WASHINGTON (Reuters) -Voters in New York and Florida picked candidates for the U.S. Congress and other offices in primaries and special elections on Tuesday that will help gauge the roles that abortion rights and inflation will play in the Nov. 8 midterms.
Following are five key races:
NEW YORK 19TH CONGRESSIONAL DISTRICT, SPECIAL ELECTION
Democrats came out the winners in Tuesday’s contest to fill a vacant seat in a U.S. House of Representatives district north of New York City, as local county executive Pat Ryan won a special election against a Republican counterpart, Marc Molinaro.
The count was widely seen as a bellwether of whether voters across the country will be swayed in November by Democrats’ support for abortion rights or by the Republican promise to control inflation.
The race for the Hudson Valley swing district was considered the tightest since June’s U.S. Supreme Court ruling that ended the constitutional right to abortion.
Ryan and Molinaro are also competing on Tuesday in party nomination contests for November’s general election but they are seeking different House seats in that race following a redrawing of district boundaries for next year’s Congress.
NEW YORK 12TH CONGRESSIONAL DISTRICT, DEMOCRATIC PRIMARY
U.S. Representative Jerrold Nadler defeated fellow Representative Carolyn Maloney in a closely-watched race that pitted the two long-time politicians against each other.
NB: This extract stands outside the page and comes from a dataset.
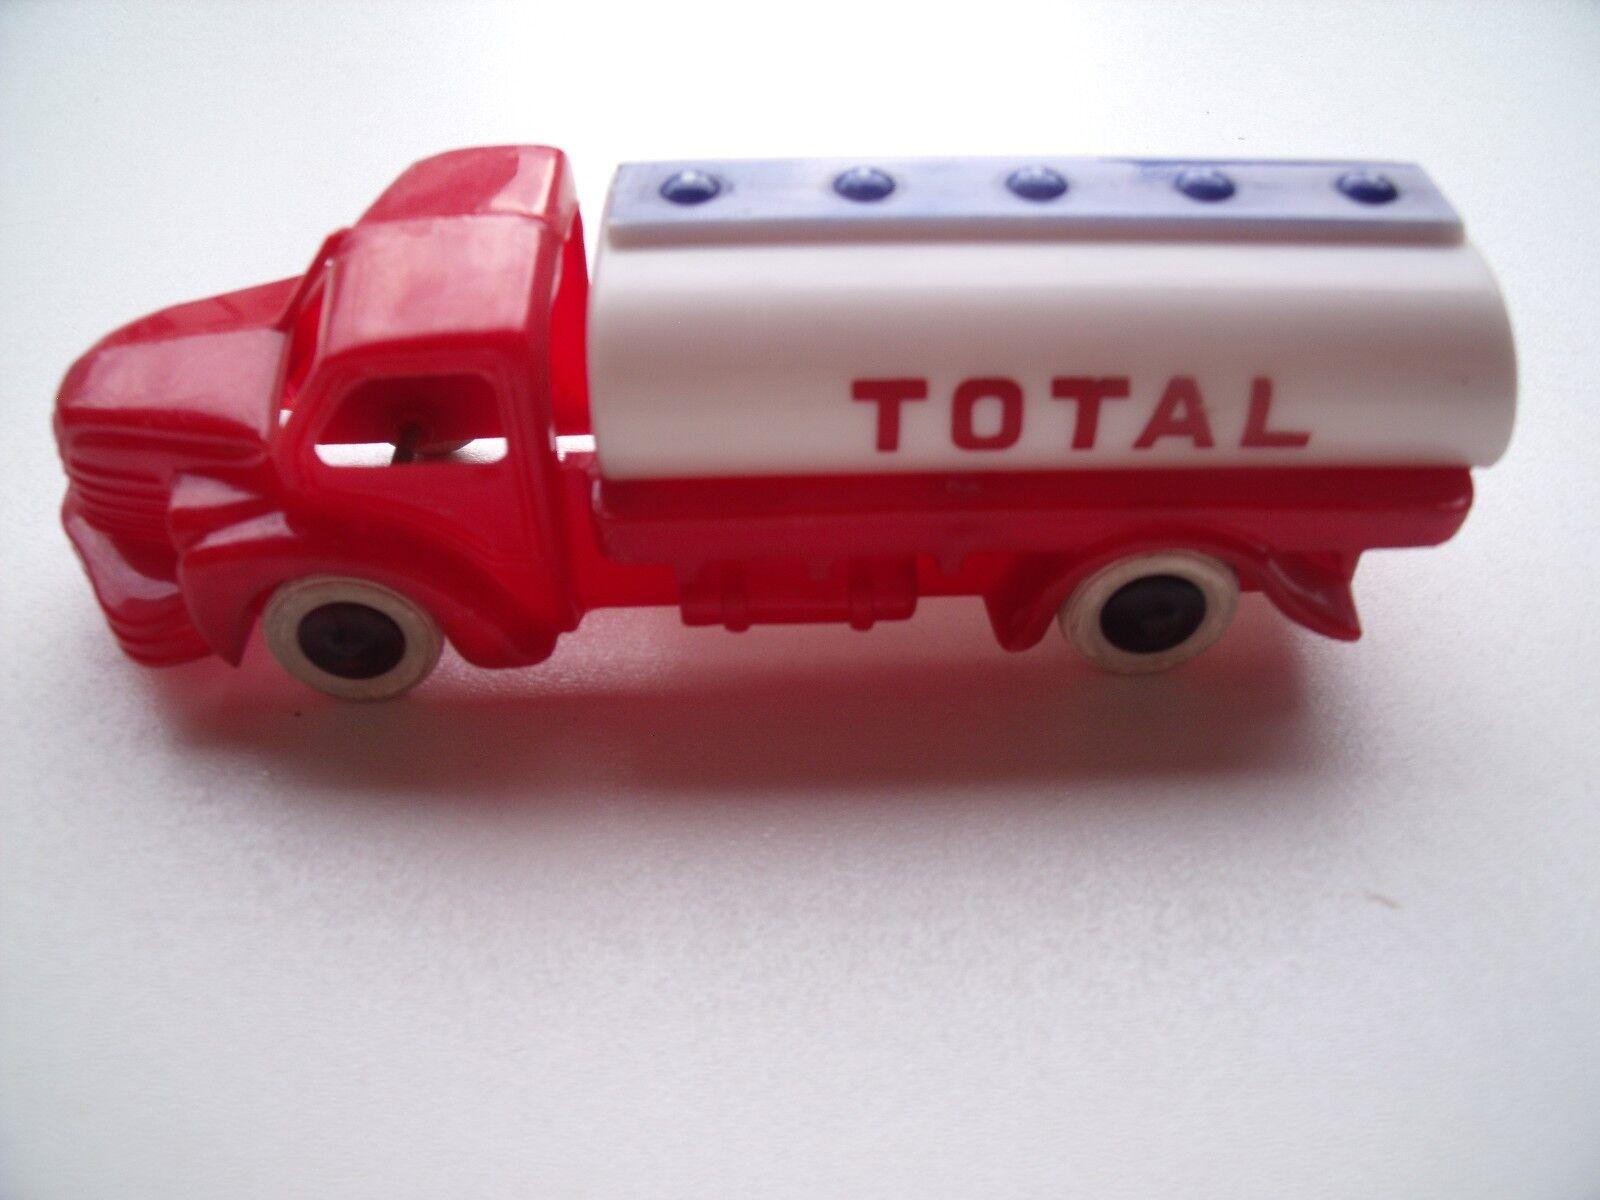 Rara Camion Serbatoio Petroliera Camion Bourbon Vape Berliet Totale Top

A new congressional map ordered by a state judge had merged their former districts.
While Maloney outspent Nadler, using her personal fortune to lend her campaign $900,000 in May, Nadler won endorsements from party power brokers like U.S. Senate Majority Leader Chuck Schumer.
NEW YORK 17TH CONGRESSIONAL DISTRICT, DEMOCRATIC PRIMARY
U.S. Representative Sean Patrick Maloney, a mainstream Democrat who heads his party’s main House fundraising group, won the primary for the Democratic nomination to the state’s newly drawn 17th congressional district north of New York City.
He fended off a challenge from New York state Senator Alessandra Biaggi, a progressive who was endorsed by U.S. Representative Alexandria Ocasio-Cortez.
DEMOCRATIC PRIMARY FOR FLORIDA GOVERNOR
Democratic U.S. Representative Charlie Crist beat Nikki Fried, the state agricultural commissioner, to win his party’s nomination for the Florida governor race.
Crist, a former Republican governor who changed parties in 2012 and lost the gubernatorial race as a Democrat to Rick Scott in 2014, will challenge Florida Governor Ron DeSantis, a Republican seen as potentially vulnerable in November despite his high approval ratings and rising national profile.
FLORIDA U.S. SENATE DEMOCRATIC PRIMARY
U.S. Representative Val Demings, a former police chief of Orlando, won her party’s nomination to challenge incumbent Republican U.S. Senator Marco Rubio. Rubio is seen as potentially vulnerable, with recent polls pointing to a tight race between him and Demings.